What's TPU Multislice

TPU Multislice is the architectural organization of VMs in a TPU slice where two or more Cloud TPU slices communicate over the Data Center Network (DCN). Multislice enables full-stack, cost effective, large scale training with near-linear scaling up to tens of thousands of TPU chips. In a Multislice configuration, GKE deploys a Multislice workload on multiple TPU slices. The communication between TPU chips within a slice happens over inter chip interconnects (ICI). The communication between slices happens over the DCN.

We recommend that you use the Multislice if your Job is too big to fit on a single TPU slice.

Multislice availability in GKE

  • Standard supports Multislice in version 1.27.4-gke.900 and later.
  • Autopilot supports Multislice in version 1.29.2-gke.1521000 and later.
  • Multislice supports JAX and PyTorch frameworks. The minimum supported JAX version is 2.1.
  • Multislice only supports multi-host TPU slice node pools. For example, you cannot use Multislice with a ct4p-hightpu-4t with a 2x2x1 topology or a ct5lp-hightpu-4t with a 2x2 topology, because these are single-host TPU slice node pools.
  • Multislice only supports synchronous multicontroller training.
  • Multislice workloads can only run across TPU slices that share the same TPU type, size, and topology.
  • Multislice don't support TPU v3.

Before you begin

Before you start, make sure you have performed the following tasks:

  • Enable the Google Kubernetes Engine API.
  • Enable Google Kubernetes Engine API
  • If you want to use the Google Cloud CLI for this task, install and then initialize the gcloud CLI. If you previously installed the gcloud CLI, get the latest version by running gcloud components update.

Run a workload on a Multislice

This section shows you how to run a workload on a Multislice. If you use GKE Autopilot mode, skip to the Run a Multislice workload section. Autopilot clusters that run version 1.29.2-gke.1521000 or later enable TPUs by default.

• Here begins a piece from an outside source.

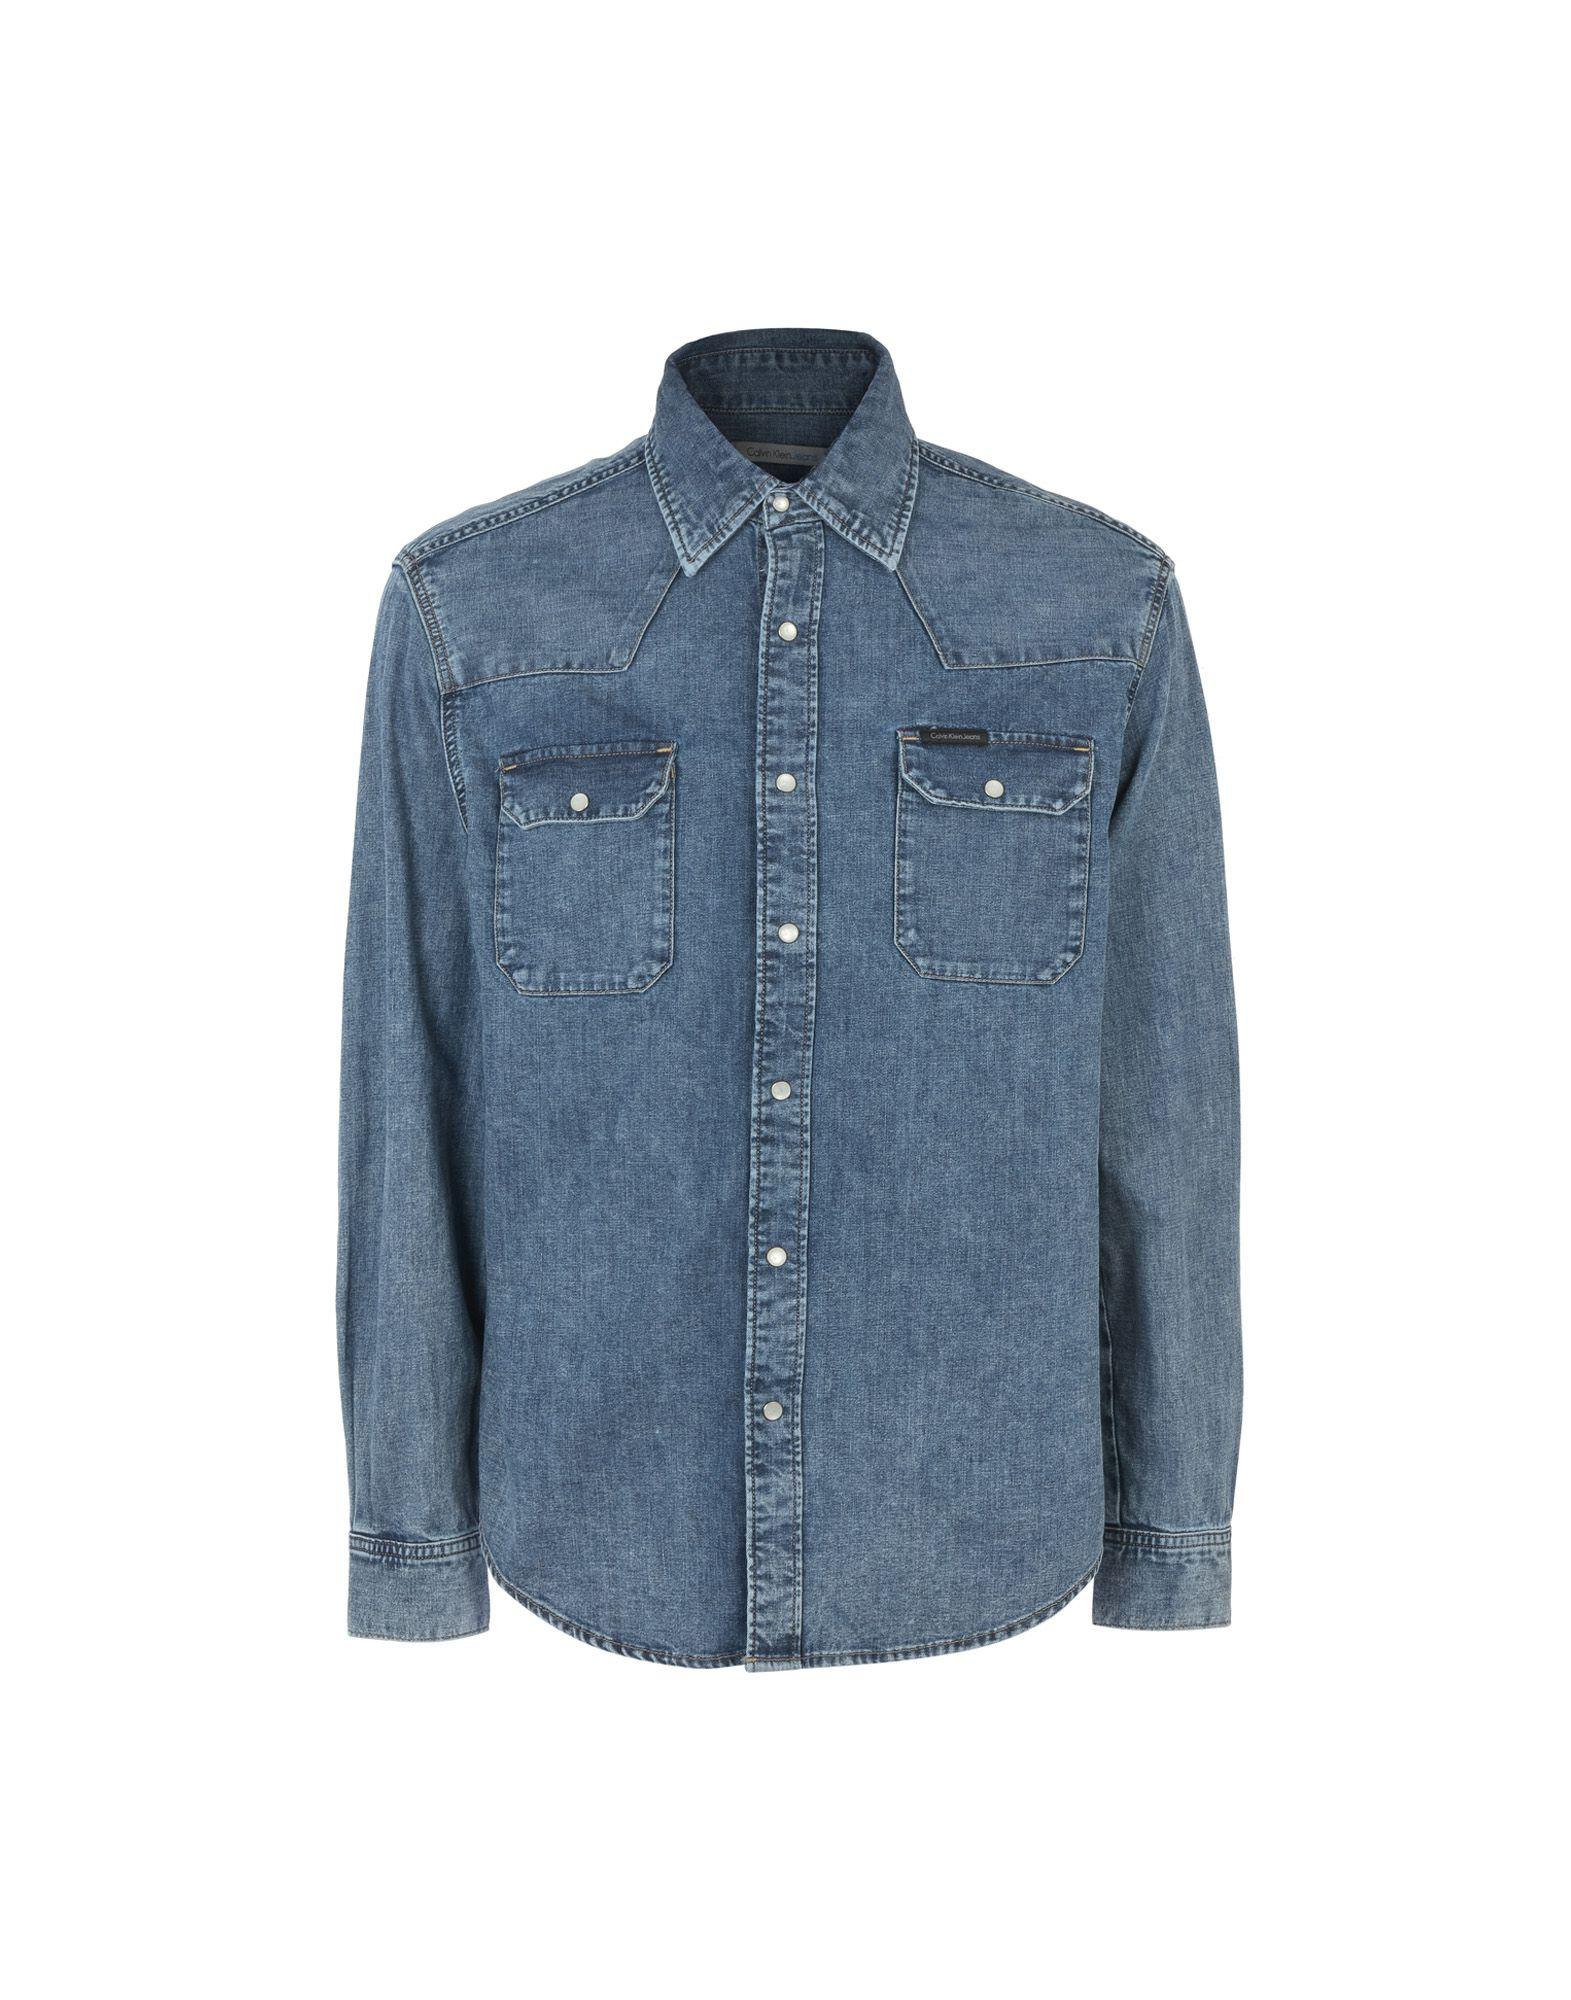 CALVIN KLEIN JEANS Джинсовая рубашка рубашка женская calvin klein jeans цвет синий j20j209111 9110 размер xs 40 42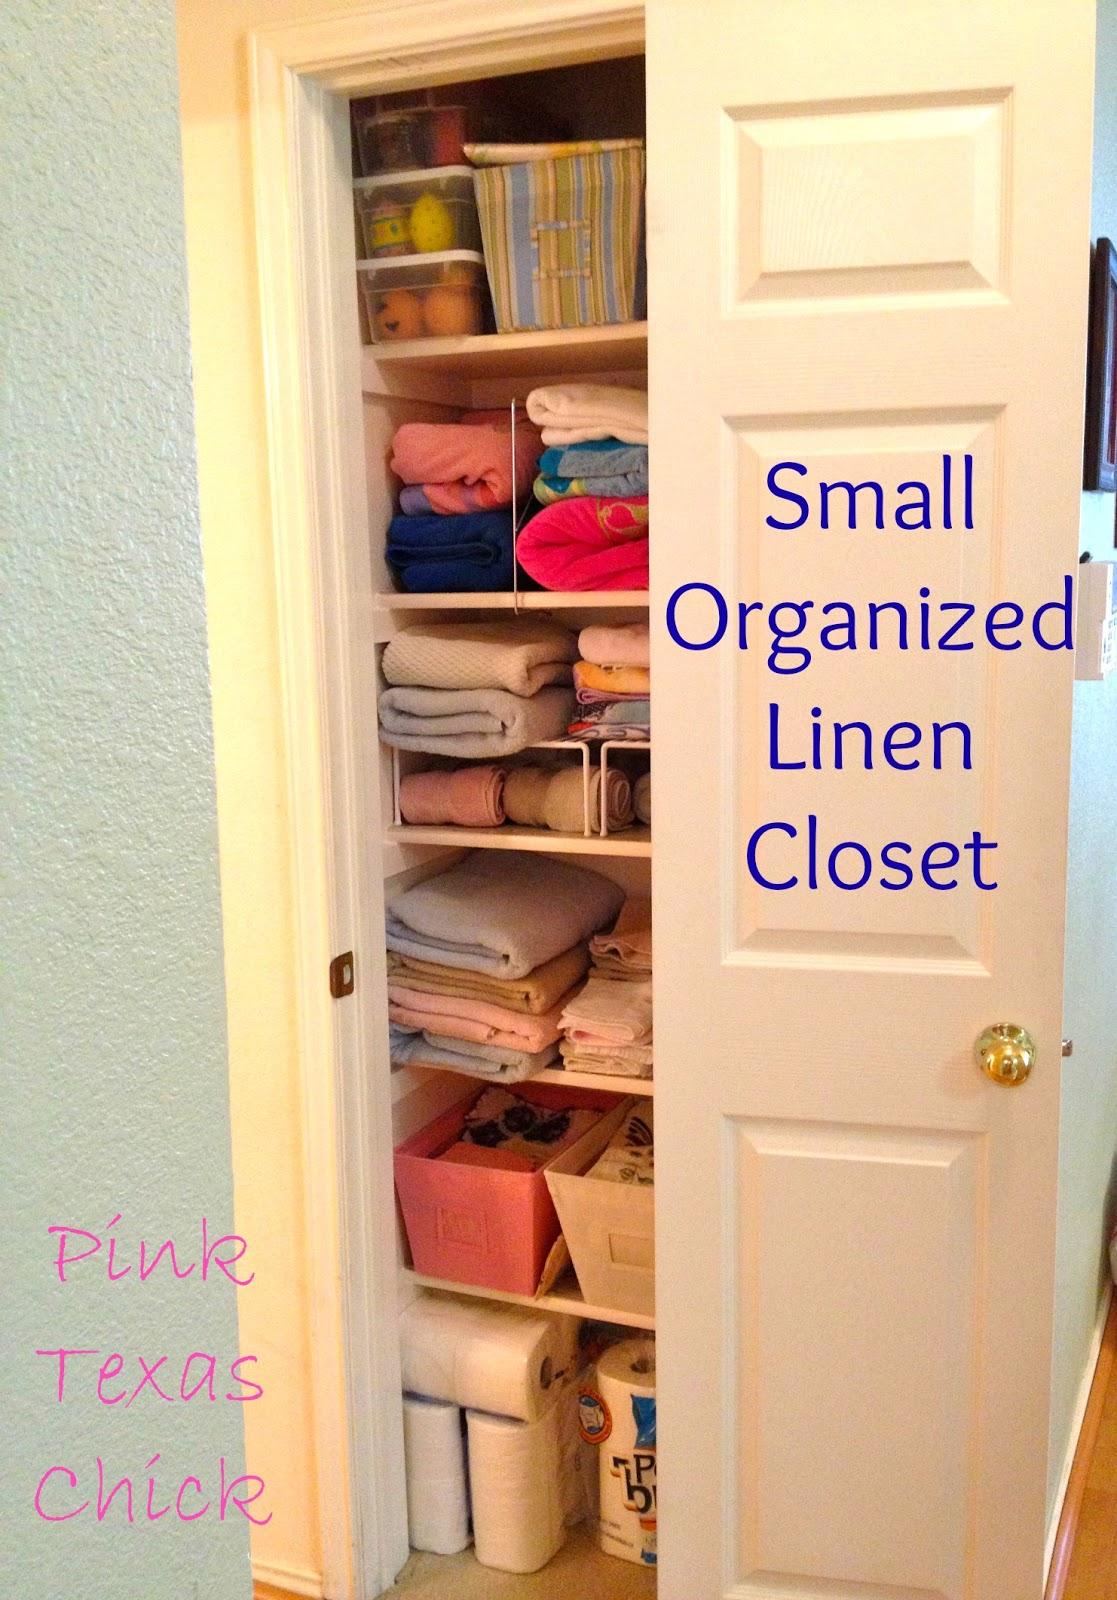 Pink Texas Chick: Organized Linen Closet... Finally!

Prepare a Standard mode node pool

This section covers the following steps:

  1. Create three multi-host TPU slice node pools
  2. Verify the node pool status

Create the TPU slice node pool

You can create more than one multi-host TPU slice node pool. For the purpose of this guide, create three multi-host TPU slice node pools to run a Multislice workload. You can create a multi-host TPU slice node pool using the Google Cloud CLI, Terraform, or the Google Cloud console.

gcloud

gcloud container node-pools create POOL_NAME \
    --location=LOCATION \
    --cluster=CLUSTER_NAME \
    --node-locations=NODE_ZONE \
    --machine-type=MACHINE_TYPE \
    --tpu-topology=TPU_TOPOLOGY \
    --num-nodes=NUM_NODES \
    [--spot \]
    [--enable-autoscaling \
      --max-nodes MAX_NODES]
    [--reservation-affinity=specific \
    --reservation=RESERVATION_NAME] \
    

Replace the following:

  • POOL_NAME: The name of the new node pool.
  • LOCATION: The name of the zone based on the TPU version you want to use. To identify an available location, see TPU availability in GKE.
  • CLUSTER_NAME: The name of the cluster.
  • NODE_ZONE: The comma-separated list of one or more zones where GKE creates the node pool.
  • MACHINE_TYPE: The type of machine to use for nodes. To learn more about the available machine types, see Choose the TPU version.
  • TPU_TOPOLOGY: The physical topology for the TPU slice. The format of the topology depends on the TPU version. To learn more about TPU topologies, use the table in Choose a topology.

    To learn more, see Topology.

  • NUM_NODES: The number of nodes in the node pool. It must be zero or the product of the values defined in TPU_TOPOLOGY ({A}x{B}x{C}) divided by the number of chips in each VM. For multi-host TPU v4 and TPU v5e, the number of chips in each VM is four. Therefore, if your TPU_TOPOLOGY is 2x4x4 (TPU v4 with four chips in each VM), then the NUM_NODES is 32/4 which equals to 8.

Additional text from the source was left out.